The ROB is 96 entries deep, accepting 4 Micro-Ops from upstream and being able to write the results of 4 retired Micro-Ops into software visible registers per cycle. Intel opted for a single, general 32-entry Scheduler/Reservation Station, as opposed to AMD's dedicated Float/Integer schedulers/reservation stations. Each cycle up to 6 Micro-Ops can be dispatched from the RS through the issue ports. We'll ignore ports 2,3 and 4 for the time being since these are dedicated to memory operations, and focus on 0, 1, 5, since these are connected to the math-crunching units. Each port connects to a 64-bit ALU and a 128-bit SSE unit with port 1 tying into a 128-bit FADD unit and port 0 tying into an equally wide FMUL unit. The ALUs aren't symmetrical, as was the case with AMD, with ALU 1 lacking 64-bit IMUL, for example, but other than that the differences are small. FP Moves can be handled via all ports, and 128-bit shuffling and packs/unpacks being the domain of port 5 exclusively. Division(DIV) and square root(SQRT) are port 0 affairs as well. The Yorkfield is well capable of 2 double-precison FLOPs per cycle, as you probably already deduced. Instruction results are retired at a rate of 4 per cycle in case we didn't mention that already.

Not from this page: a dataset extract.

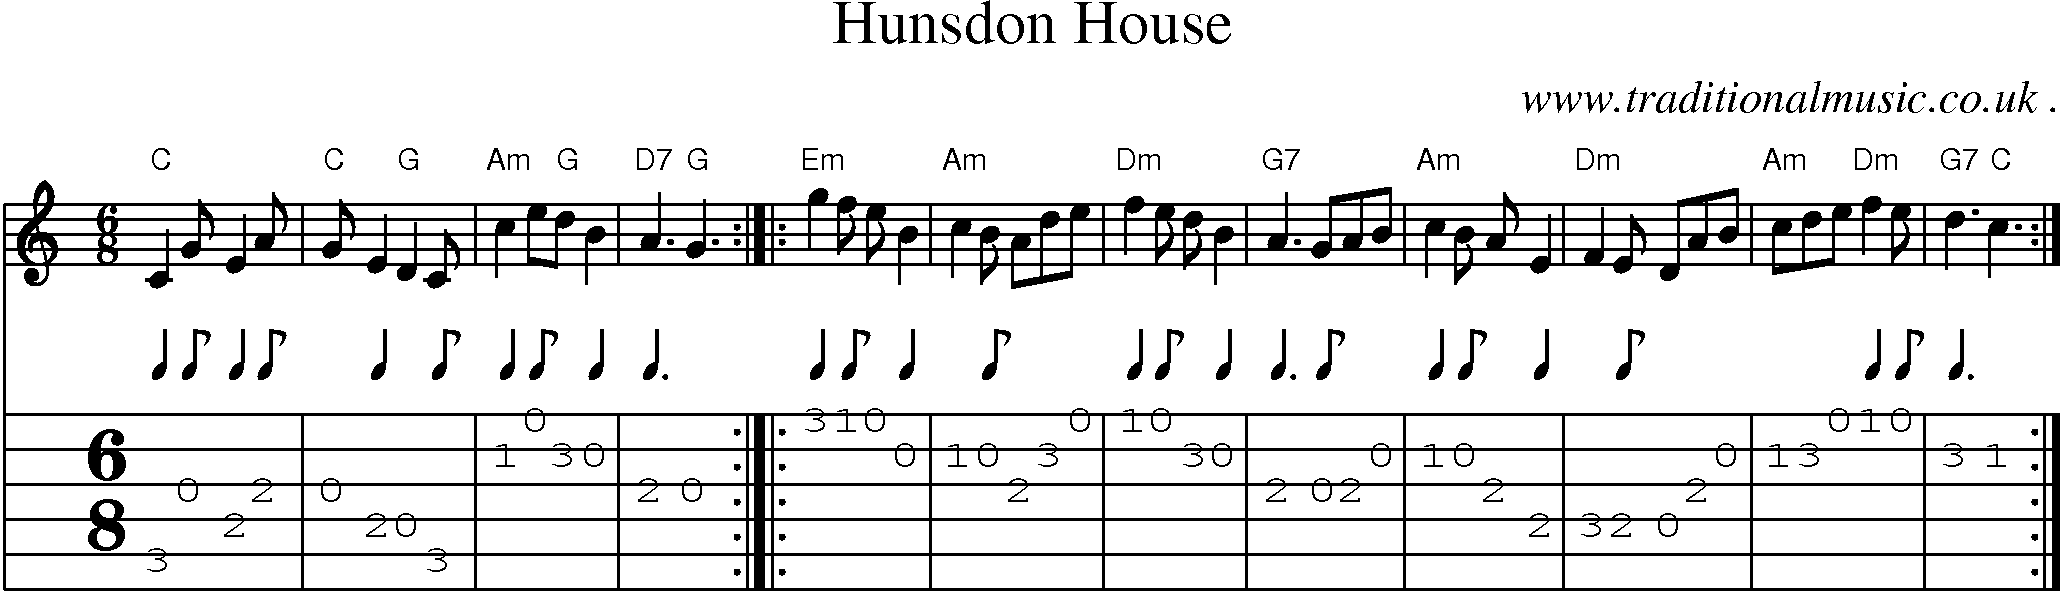 Sheet-Music and Guitar Tabs for Hunsdon House

The execution engine: Deneb vs Yorkfield
Looking strictly at the execution units available in each architecture, one would be tempted to assume that they're quite evenly matched. However, that assumption would be an oversimplification. In practice, Intel has a number of advantages, the most pronounced ones being encountered in the area of scheduling: having completely decoupled memory ops from computational ops, with each having dedicated dispatch ports. Also, using a unified Reservation Station, with no fixed correspondence between the arrangement of Micro-Ops and the execution unit they're dispatched to, means that Yorkfield will see better utilization rates in many cases. AMD's arrangement is more restrictive and is more likely to suffer from suboptimal scheduling, especially in the integer pipeline. Width is also an important aspect, with Yorkfield's execution engine being 33% wider (4-wide versus 3-wide for Deneb), but in practice you seldom if ever hit maximum theoretical IPC rates, so it's not a prime differentiator. Also, Intel has a better radix-16 (24) divider implementation, versus AMD's radix-4 (22), which in theory should allow it to compute twice as many quotient and remainder bits per iteration, thus halving overall division time and by extension improving other operations that rely on division (square root for example).

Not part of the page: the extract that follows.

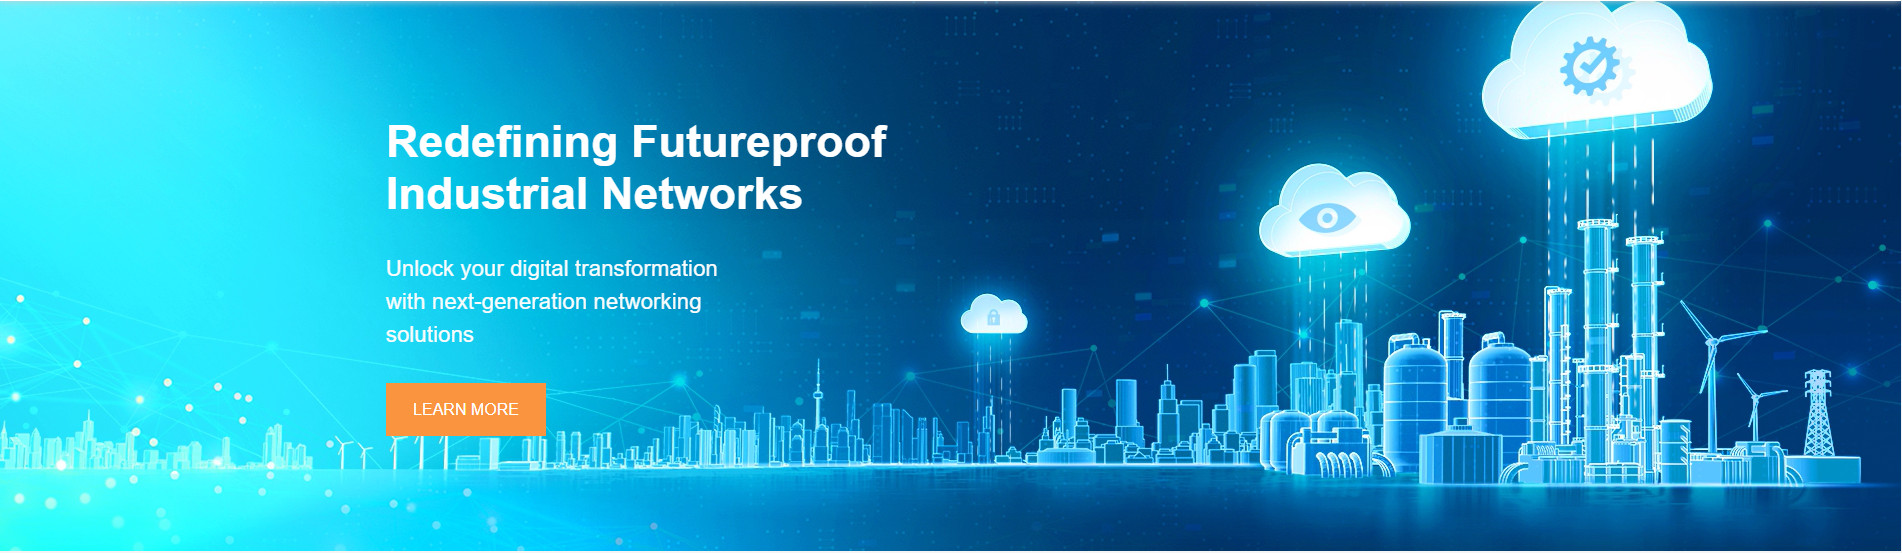 redefining futureproof industrial networks

All in all, Yorkfield should be better for Integer workloads based on how the architectures look, whilst for Floating-Point and SSE workloads it's harder to ascertain a priori, since the FP engine in Deneb is less restrictive with regards to scheduling compared to the Integer one and otherwise quite apt.
Since talk is said to be cheap, and we're too poor (as reviewers) to afford to be cheap, it's time to break the monotony of wordplay by looking at some tests. More specifically, let's look at how the two execution engines fare when dealing with synthetic Integer, Floating-Point and SSE workloads:



The results aren't exactly flattering for Deneb: on average it's about 17% slower in Integer workloads, with Floating-Point and SSE ones being 16% and 6% slower respectively. The instruction mixes used are quite simple, and the working sets are geared towards ensuring best data locality (read, fit into cache) in order to ensure the highest possible IPC, so you could consider these tests as optimum case conditions. Still, these numbers do confirm that Yorkfield's execution engine is superior in terms of througput.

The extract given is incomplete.